# Tandem Hitch



## MajorClementine (Dec 2, 2015)

My two minis are about 9-10" different in height. Major is much shorter but a lot stockier than Clementine. Can I drive them as a tandem hitch? What different tack/equipment is needed for this type of hitch? Thanks!


----------



## Marsha Cassada (Dec 2, 2015)

There is some good information on former posts. Can you search the forum? I've tried this, but my horses were not suitable for tandem driving. Sure would be a good way to use both! Hope it works for you.


----------



## BSharpRanch (Dec 2, 2015)

I've driven tandem several times. My first tandem was a 44" Shetland gelding at the wheel and a 35" miniature stallion at lead. It was very challenging but fun!

My current tandem is a mini stallion at the wheel and a mini mare at lead! Challenging and fun!

To begin with, the stronger, better trained horse should be at the wheel, the more forward horse at lead. Both horses need to be pretty well trained. For harness when begining you can use two single harnesses, adding a bit of baling twine to the traces to give a little extra room between the horses. You will also need a set of long reins to reach your lead horse. To begin with you may want to just use two lengths of rope for your lead reins.

Please, please, please, have some help when you are driving tandem, at least till you and the horses figure it out as things can get ugly pretty quick with a tandem.


----------



## MajorClementine (Dec 2, 2015)

I'm still working with Major on his driving so the tandem thing will be next fall at best. I've wanted a team since it opens up a larger array of vehicles and hadn't even thought about tandem until now. I'd like to be able to use the two horse I have rather than adding to the herd.

I would like to try ground driving them in tandem this spring first and see how things go from there. Both horses have their strong points so as Major's training progresses I'll keep in mind your tips for which horse should lead and which should be at the wheel.

I promise to have help moving forward on this. I'd really rather not injure myself or my horses. My husband is a great help when it comes to driving the minis (not to mention he's a good sport about my hobby).


----------



## BSharpRanch (Dec 3, 2015)

*My Hubby too! Why I'm up to 6 on my wagon!*


----------



## MajorClementine (Dec 3, 2015)

My 5 year old saw an 8-up of minis at a draft horse show we attended this summer. He was pointing to them with a look of concentration on his face. When I asked what he was doing it turned out he was counting since his reply was "Mom! We just need 6 more minis!" 

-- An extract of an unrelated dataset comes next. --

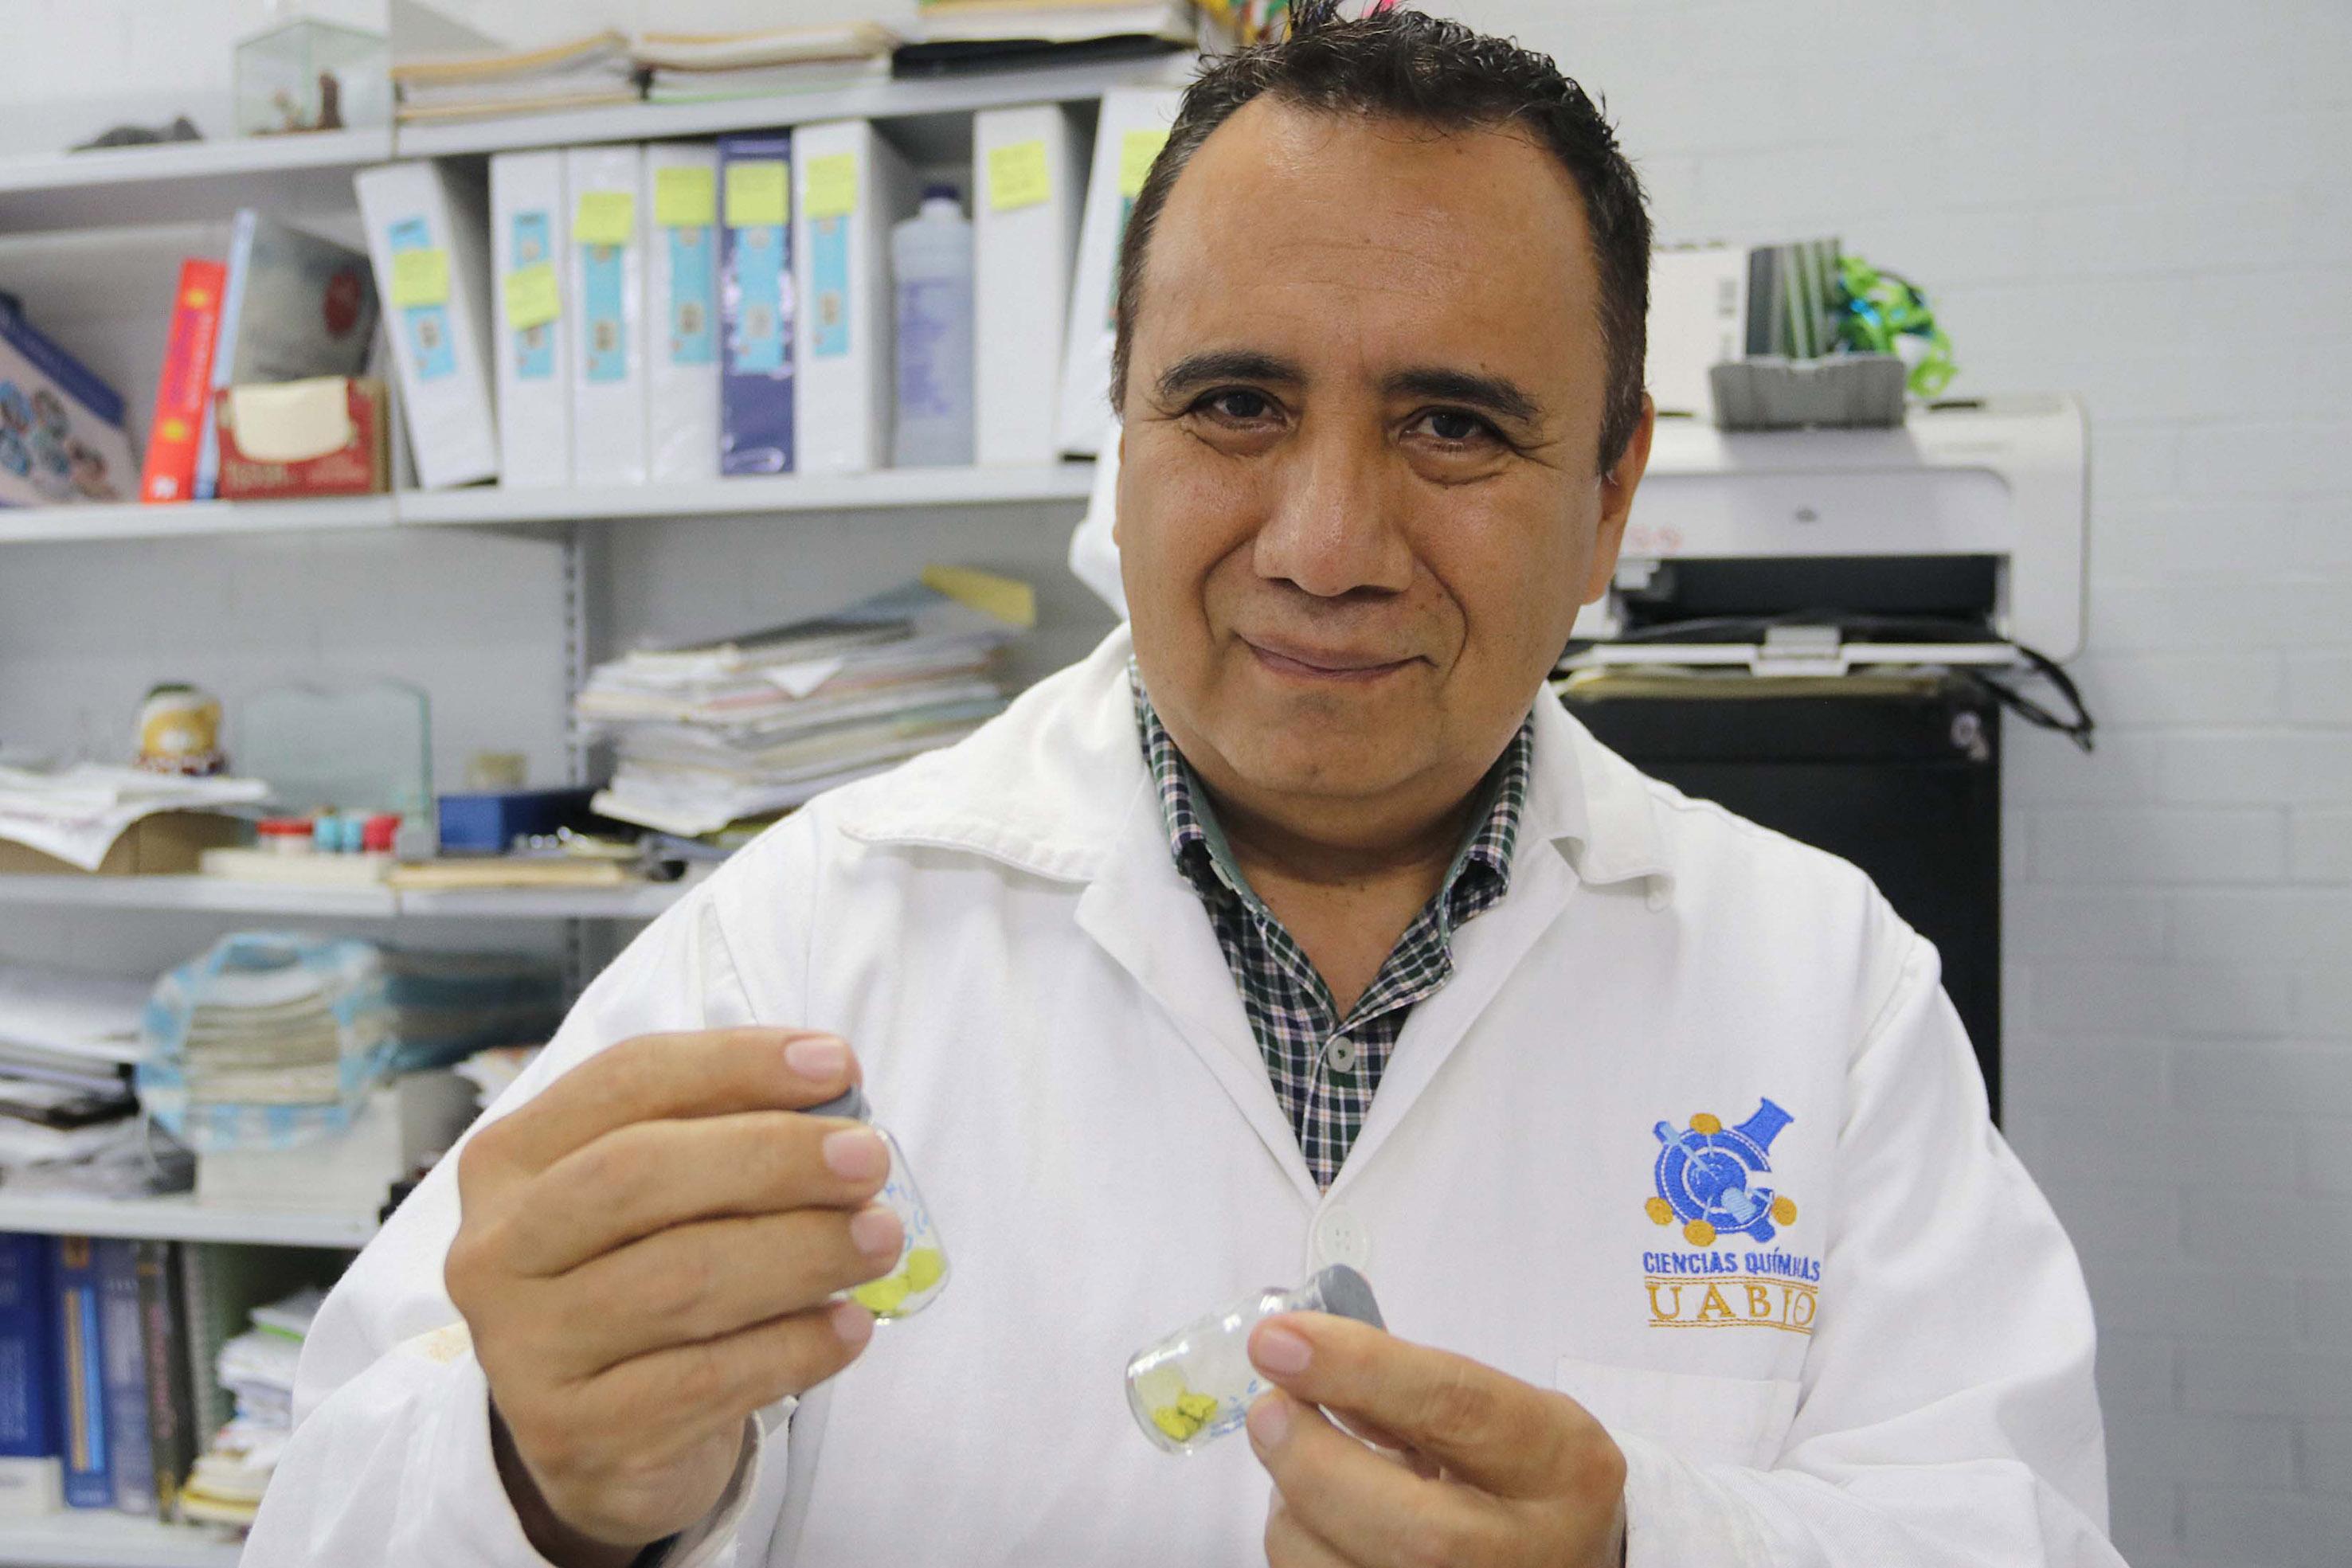 Patentan científicos mexicanos compuesto que elimina del infectado al parásito causante del mal de Chagas

6 is a very impressive hitch. Are they all fairly close in size or do you more make sure your pairs are close in size?


----------



## paintponylvr (Dec 3, 2015)

Wow, 9-10" different in height? And still both minis?

I've seen and heard of many different size pairs being driven together but when I now go search for pics/images - guess what I can't find!

Here is a vid of a pair - Horse w/ Shetland pony - Barry Hook

Here is a website for driving pairs and there are pics of tandem driving - Driving Pairs

I think between 2008 and 2011 - there were a lot of write ups here on LB about driving tandems. Both had detailed info on how they attached the lead horse to the one hitched to the cart and how they did the lines and what they would do different. Both had lots of pics! I haven't been able to get the search feature to go back past 2013 lately, so I have NO IDEA how to access that now.

O, now I can't get the search feature to go back past my own posts of mid - 2014!! ARRRGH...


----------



## BSharpRanch (Dec 3, 2015)

*My smallest mini on the hitch is 30", the largest is 33". So pretty evenly matched. I team up my pairs my attitudes, work ethics, strengths, weaknesses...I let them choose their spots. *

My wheel pair is a father/daughter pair, both calm, strong and obedient. My swing pair are followers, definitely not leaders. My leaders are very forward and energetic and seem to like being out front!


----------



## MajorClementine (Dec 22, 2015)

paintponylvr said:


> Wow, 9-10" different in height? And still both minis?
> 
> I've seen and heard of many different size pairs being driven together but when I now go search for pics/images - guess what I can't find!
> 
> ...


Major is 29" and Clementine barley eeks in under the class B max of 38"

Thanks for the videos. I did do a search on tandem but didn't come up with much. I didn't notice, but maybe it's because I can't go back farther than a couple of years...?


----------



## paintponylvr (Dec 24, 2015)

well, I googled and started digging - way past the 1st page...

Here is a training YouTube - Training horses for Tamden driving hitch

and here is a PDF - Horseman's Yankee Pedlar Aug 2011

and another PDF - Connecticut Valley Driving Club - Long Lines - Oct 2011

, Squee, squee - found a pic of a mare that I bred and raised!!! With the woman who owned her then (at the bottom of page 4). Lacey is now re-paired up with her full sister and not sure if they are owned by Randy Sabatino now or not... Just know that they were put back together. SO EXCITING to see one of the ponies we bred and raised after years of not knowing what they were doing. Lacey was born in 1999 - and was sold with her full sister (born in 2000) in 2001... At one point, the woman who purchased them contacted me and our middle daughter went w/ her to a show and showed her in 2 or 3 driving classes. When the pair was split, I was given the chance to purchase 1 or both back - but I couldn't come close to their new purchase prices.

Here was a pic of Lacey as a foal -




















SORRY, the pics are a bit off topic, but it was just .... EXCITING.... and I got a little carried away. I don't know if the pair were ever driven tandem - they may have been. I image that Lacey would have been lead and Jewel would be wheeler if so.

LOOK WHAT I FOUND!!

http://www.miniaturehorsetalk.com/index.php?/topic/122902-tandem-fun-and-training/

http://www.miniaturehorsetalk.com/index.php?/topic/103404-driving-tandem/

http://www.miniaturehorsetalk.com/index.php?/topic/123736-trying-on-a-tandem-harness-pix-added/

this is a neat blog - http://www.toominiranch.com/2007.htm

When I googled images, I found several pics of mine - pair, 3-abreast and 4-abreast! That was a surprise...


----------